Fancy form posts in Biff
One of Biff's core features is authorization rules (patterned after Firebase Security Rules) which allow you to send transactions to the database[1] without going through a custom endpoint. For each type of document in your database, you define rules which specify the shape of that document and who is allowed to write to it. Then you can submit arbitrary transactions from the front end, and Biff will make sure they satisfy the rules.
Right now, Biff only includes this feature in its SPA project template. You write ClojureScript code which sends transactions as EDN over a websocket. However, since October, Findka is no longer a SPA. I pivoted and built a new, simpler website from scratch, and a SPA would've been overkill.
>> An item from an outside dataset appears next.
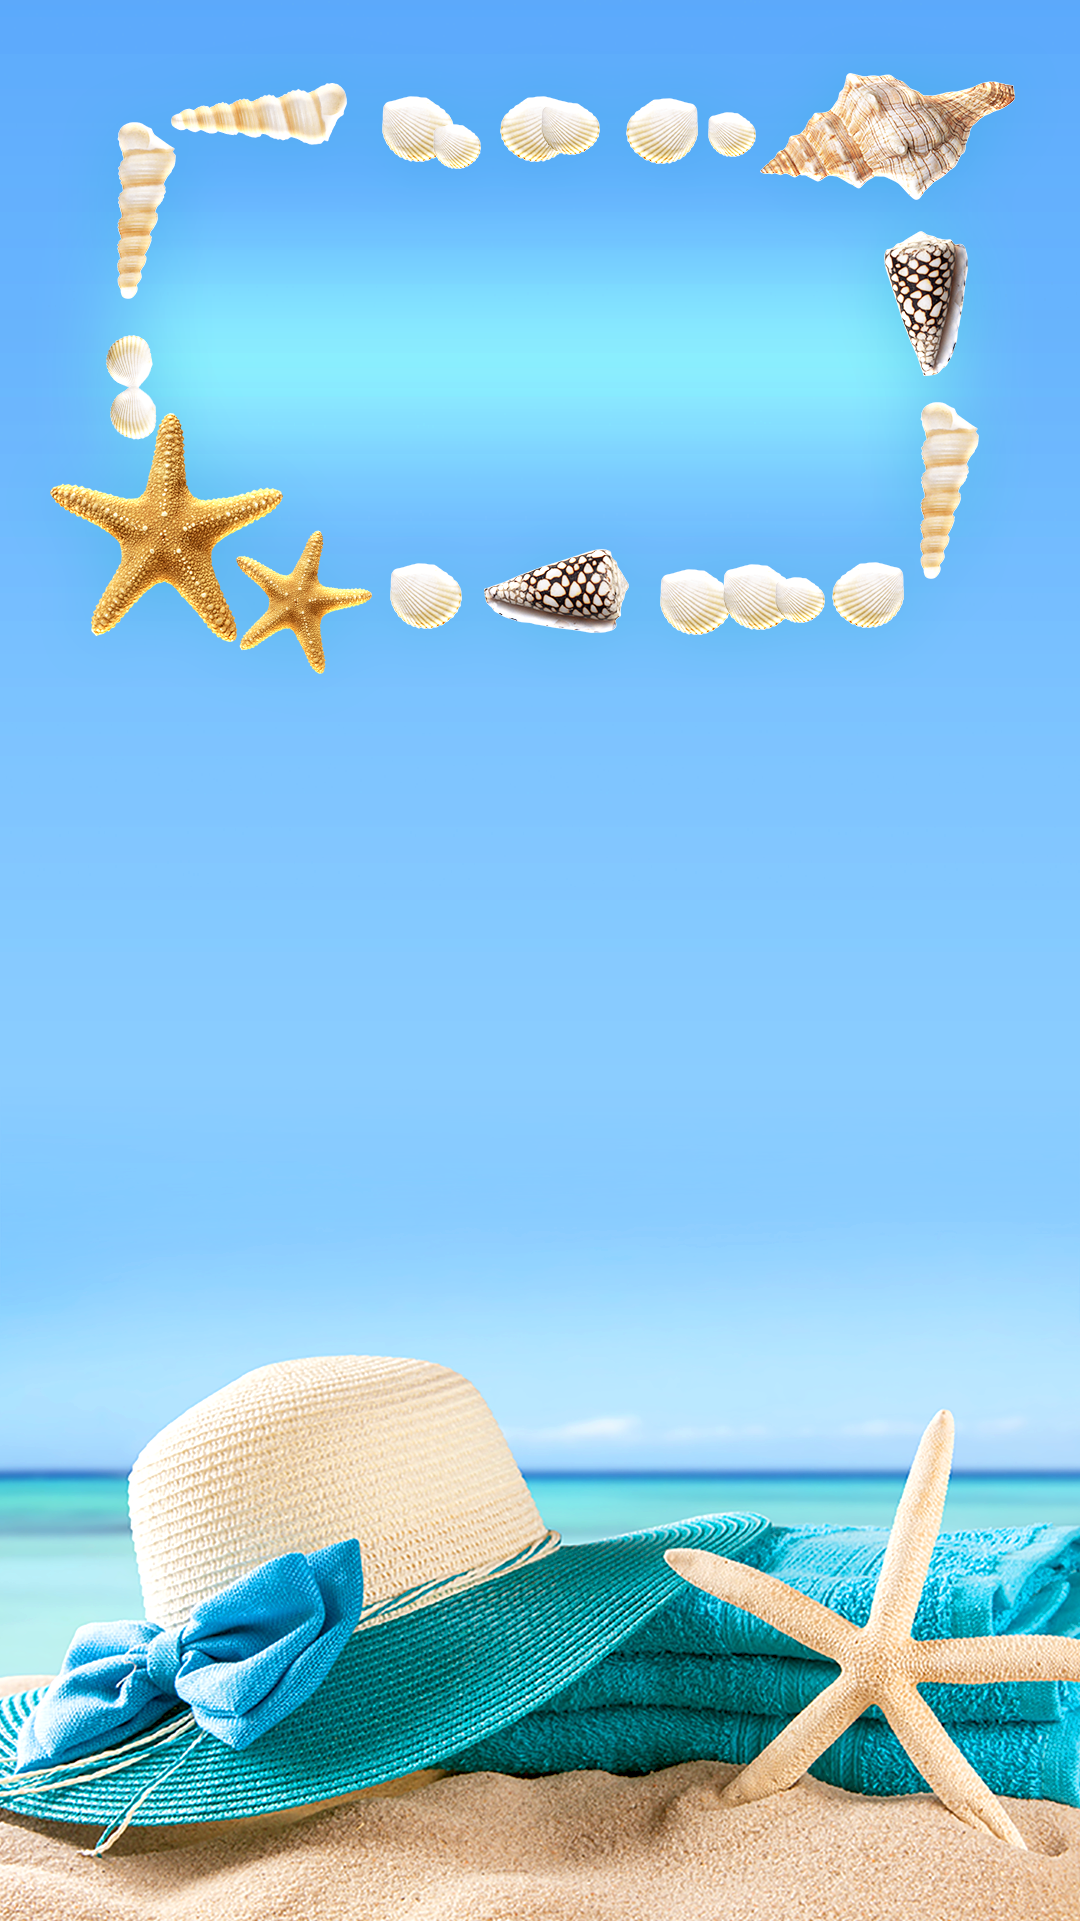 Tap And Get The Free App Lockscreens Art Creative Sky Water Sun Beach Chill Hat Star Blue Hd Iphone 6 Plus Lock Screen Achtergronden Op Het Strand Wallpaper

So now I'm using regular form posts for write operations, not websocket events. Despite that, it would still be nice to use authorization rules and a single endpoint to handle the posts instead of having a proliferation of endpoints.
For reference, here's how you would normally send a Biff transaction from the front end:
(defn set-display-name [user-id display-name]
(send-websocket-event
[:biff/tx
{[:users {:user/id user-id}]
{:db/update true
:display-name display-name}}]))
The ident, [:users {:user/id user-id}]
, means that we're writing a document
of type :users
and the document ID is {:user/id user-id}
. We set the
:display-name
key on that document, and :db/update true
means we merge that
into the existing document instead of overwriting it completely. See the
docs for more info.
Even though Biff doesn't come with an endpoint for receiving a transaction like this via form post, it's pretty easy to set one up:
(defn form-data->tx [params] ...)
(defn form-data->redirect [params] ...)
(defn submit-tx
[{:keys [biff/node biff/base-url params]
:as sys}]
(let [biff-tx (form-data->tx params)
crux-tx (biff.crux/authorize-tx
(assoc sys :tx biff-tx))]
(if (biff.util/anomaly? crux-tx)
(pprint [:transaction-rejected tx])
(crux/await-tx node
(crux/submit-tx node crux-tx))))
{:status 302
:headers/Location
(str base-url (form-data->redirect params))})
(def routes
[["/api/tx" {:middleware [wrap-anti-forgery]
:post submit-tx
:name ::submit-tx}]])
First, submit-tx
takes the form parameters and converts them to Biff's
transaction format. biff.crux/authorize-tx
checks if the transaction conforms
to your authorization rules and returns a Crux transaction if so. After you
submit that transaction, you'll need to redirect the user back to whatever page
they were on.
form-data->tx
is where things get messy, so let's get form-data->redirect
out of the way first. Here's a form from Findka's main page:
[:form {:method "post"
:action "/api/tx"}
[:input {:type "hidden"
:name "redirect"
:value "home"}]
; ...
]
My form-data->redirect
looks kind of like this:
(defn form-data->redirect [{:keys [redirect]}]
(case redirect
"home" "/home"
...))
(Be sure to read the relevant OWASP page). I also have some logic for setting query parameters, which are used to display messages like "URL submitted successfully", etc.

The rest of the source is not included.